Shawboro residents – neighbors of the tract subject to rezoning – spoke in opposition to request, citing the incompatibility of the Heavy Manufacturing zoning district with surrounding tracts zoned Agricultural and Residential. Opponents also expressed concerns over increased traffic to the site down Station Lane, as well as the potential for increased criminal activity in the residential areas surrounding the parcel.

After hearing of testimony from both sides, former Commissioner J. Owen Etheridge (R, District 4) moved to approve the request. Commissioner S. Paul O’Neal (R, At Large) seconded the motion.

In spite of the planning department staff, and Planning Board recommendations for denial; the County Attorney’s admonition on “spot zoning”; and the surrounding resident’s opposition, the Board of Commissioners voted in favor of approving the rezoning request.

Commissioner Paul Martin (R, At-Large) cast the only vote against the project, stating that he was opposed to junk yards and this was not a good location for one.

On January 25, 2012, Shawboro residents filed a challenge to the rezoning decision issued by the Board of Commissioners in Currituck Superior Court ~ the initial venue for challenges of changes to County Zoning ordinances ~ one week shy of the date by which they could file a challenge to the rezoning.

According to NCGS 1-54.1 the statute of limitations for challenging a rezoning action is “2 months”. The NCGS section outlining the statute of limitation is as follows:

“Within two months an action contesting the validity of any ordinance adopting or amending a zoning map or approving a special use, conditional use, or conditional zoning district rezoning request under Part 3 of Article 18 of Chapter 153A of the General Statutes or Part 3 of Article 19 of Chapter 160A of the General Statutes or other applicable law. Such an action accrues upon adoption of such ordinance or amendment. (1981, c. 705, s. 1; c. 891, s. 4; 1991 (Reg. Sess., 1992), c. 1030, s. 1; 1995 (Reg. Sess., 1996), c. 746, s. 5; 2011-384, s. 2.)”

A group of three Shawboro residents retained the law firm of Currin and Currin Attorneys at Law, from Raleigh, NC to represent them in their case against Currituck County and the Currituck Board of Commissioners.

The case was heard Monday, March 11 before Superior Court Judge Walter H. Godwin in Currituck. Attorney Robin Currin (of Currin and Currin Attorneys at Law) asked Judge Godwin to overturn the rezoning decision made by the Currituck Board of Commissioners in December 2011.

Ike McRee, representing the County of Currituck and the Board of Commissioners asked for summary dismissal of the complaint against the County..

Judge Godwin heard arguments from both sides during the day on Monday and promised to return with a verdict within the week.

A verdict was returned early this afternoon (Friday, March 15) to the parties involved, at approximately 1:45 pm.

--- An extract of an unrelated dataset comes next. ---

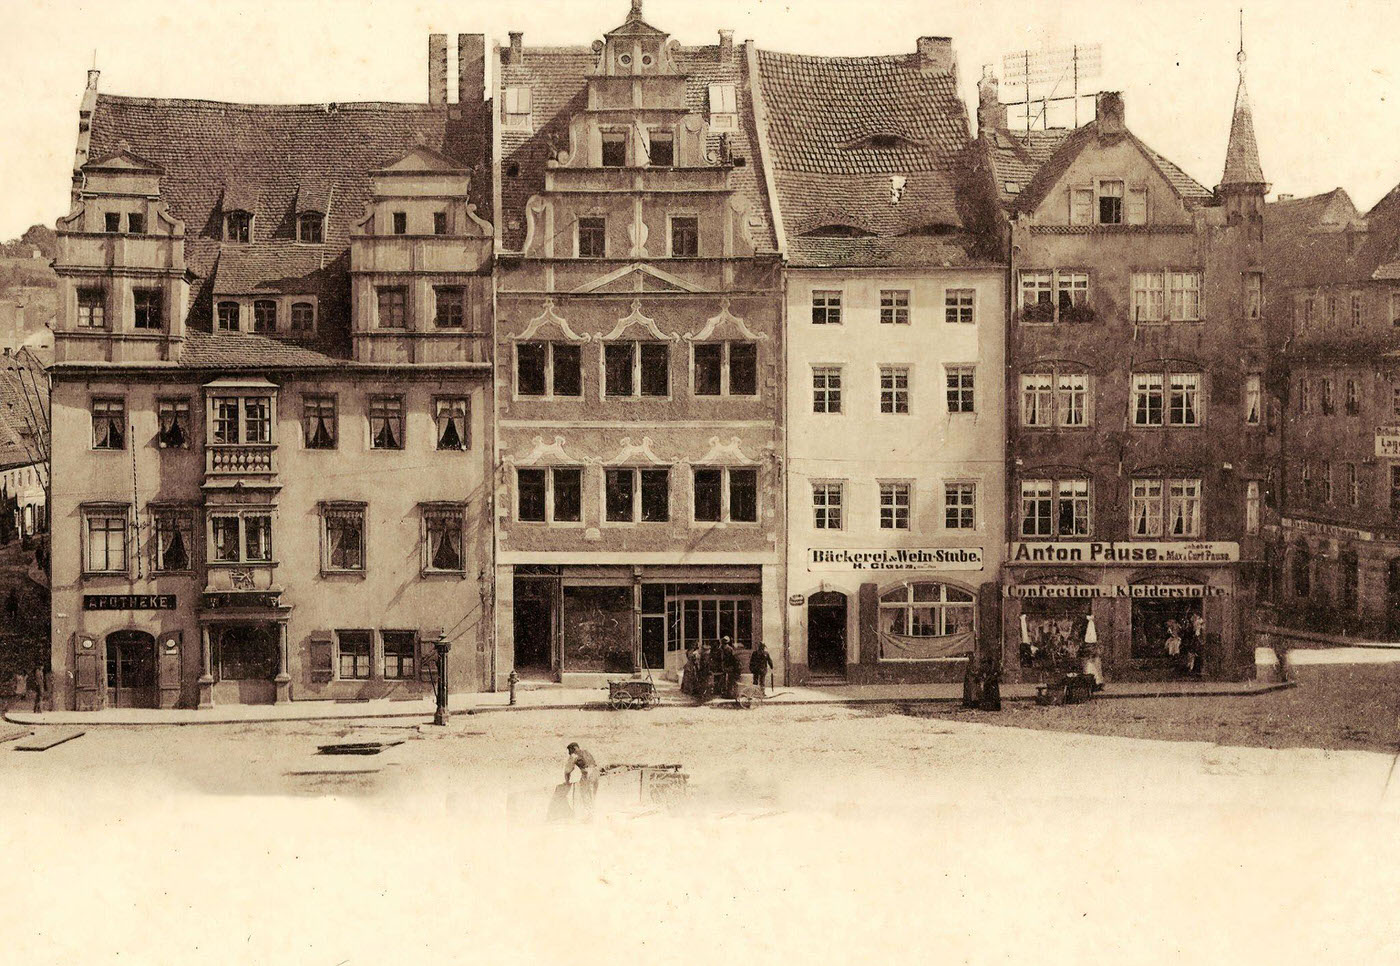 Markt-Apotheke in Meissen, Bakeries, Shops, 1900s, Germany.

When contacted regarding the case, Mary Etheridge – one of the plaintiffs from Shawboro – indicated that “it was a good day” and she was relieved that the Judge had found in their favor.

County Attorney McRee and the plaintiff’s attorney Robin Currin were not available for comment.

We will have more details on this case, when Judge Godwin releases his written judgment.